─── DATA SHOWN

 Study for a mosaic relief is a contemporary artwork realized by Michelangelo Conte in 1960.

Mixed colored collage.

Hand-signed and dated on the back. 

──────

### PROBLEM DETAILS
Reproduce the data in full, exactly as presented.

### EXPECTED OUTPUT
 Study for a mosaic relief is a contemporary artwork realized by Michelangelo Conte in 1960.

Mixed colored collage.

Hand-signed and dated on the back. 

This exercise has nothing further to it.